The security firm Symantec has also found that the ransomware continues to persist. “Since the day WannaCry appeared, the team has constantly seen WannaCry infection (attempts) which will probably never end,” the company said in an email.

But even as the WannaCry threat has been neutralized, businesses and users should do what they can to patch their systems. Kryptos Logic is warning that a future ransomware outbreak might very well use the same methods as WannaCry to spread, potentially putting millions of unpatched Windows machines at risk.

Earlier this week, the US blamed the WannaCry attack on North Korean state-sponsored hackers, claiming they wanted to create chaos.

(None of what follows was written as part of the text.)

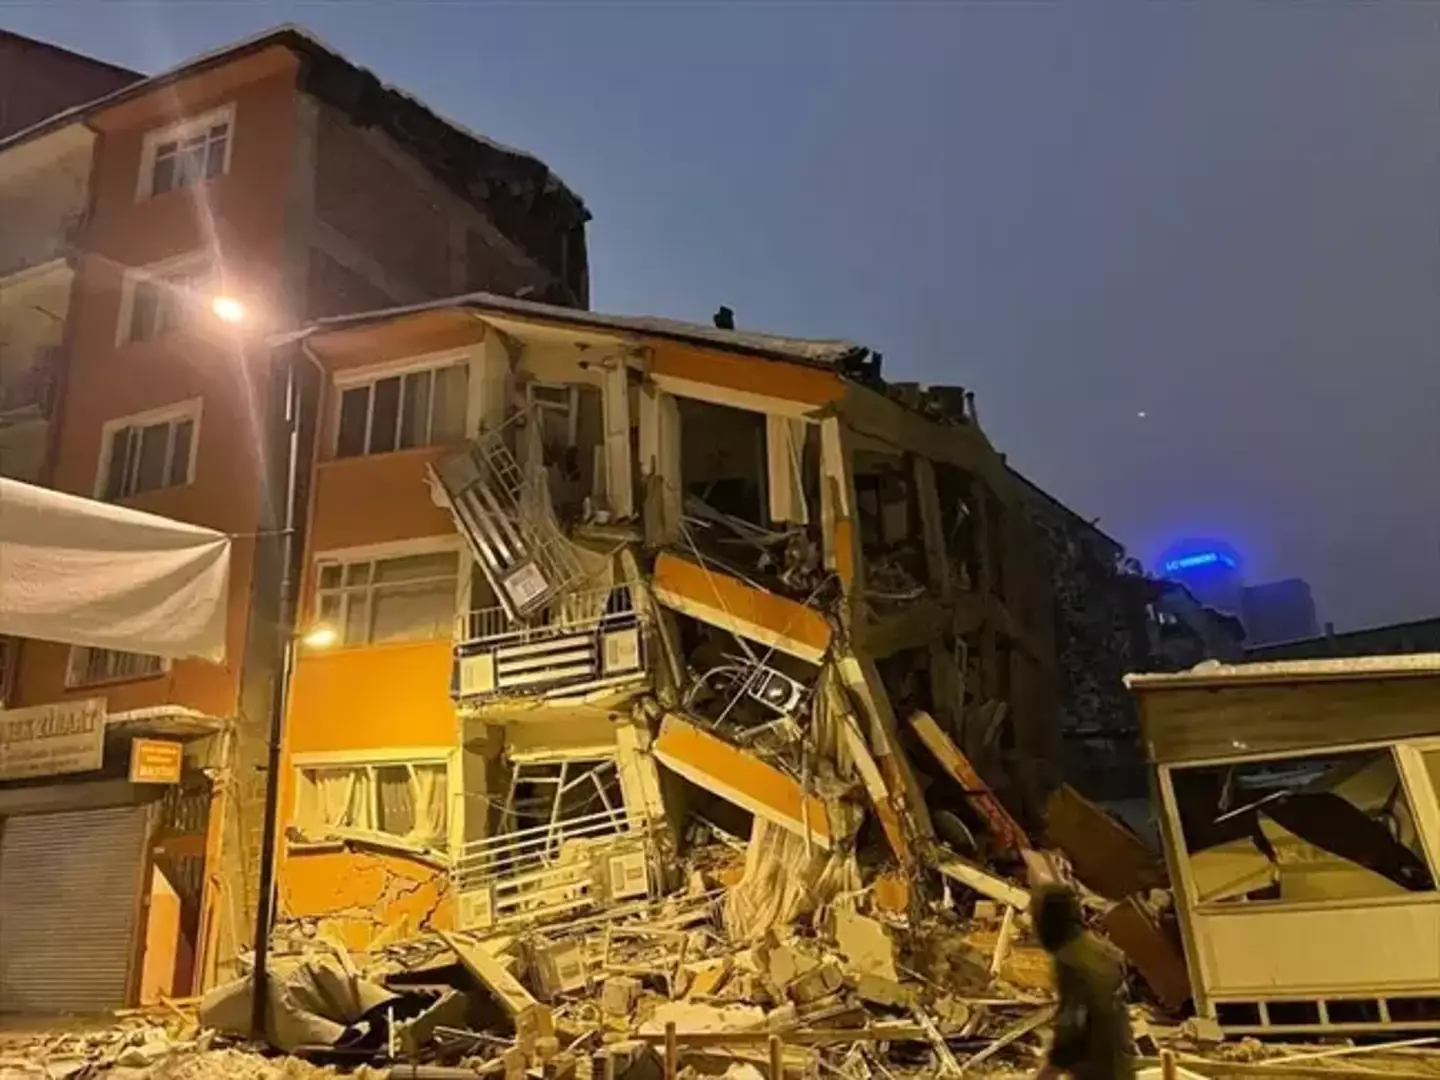 Houses were reduced to rubble by the powerful quake.

Update: Both Symantec and Kryptos Logic explained that there is a scenario where WannaCry can succesfullly infect a computer, despite the kill switch.

This can happen when a Windows PC is infected with WannaCry, but the machine itself has no broad access to the internet and thus no way to contact the kill switch. As a result, a full WannaCry infection will take hold.

Businesses harboring any live WannaCry-infected machines might face this attack scenario.

“For example, imagine in an enterprise environment, there is a machine infected and constantly scanning the LAN (Local Area Network),” Symantec said in an email. Any unpatched Windows PC on the corporate network that has no external internet access will fall victim to a full WannaCry infection.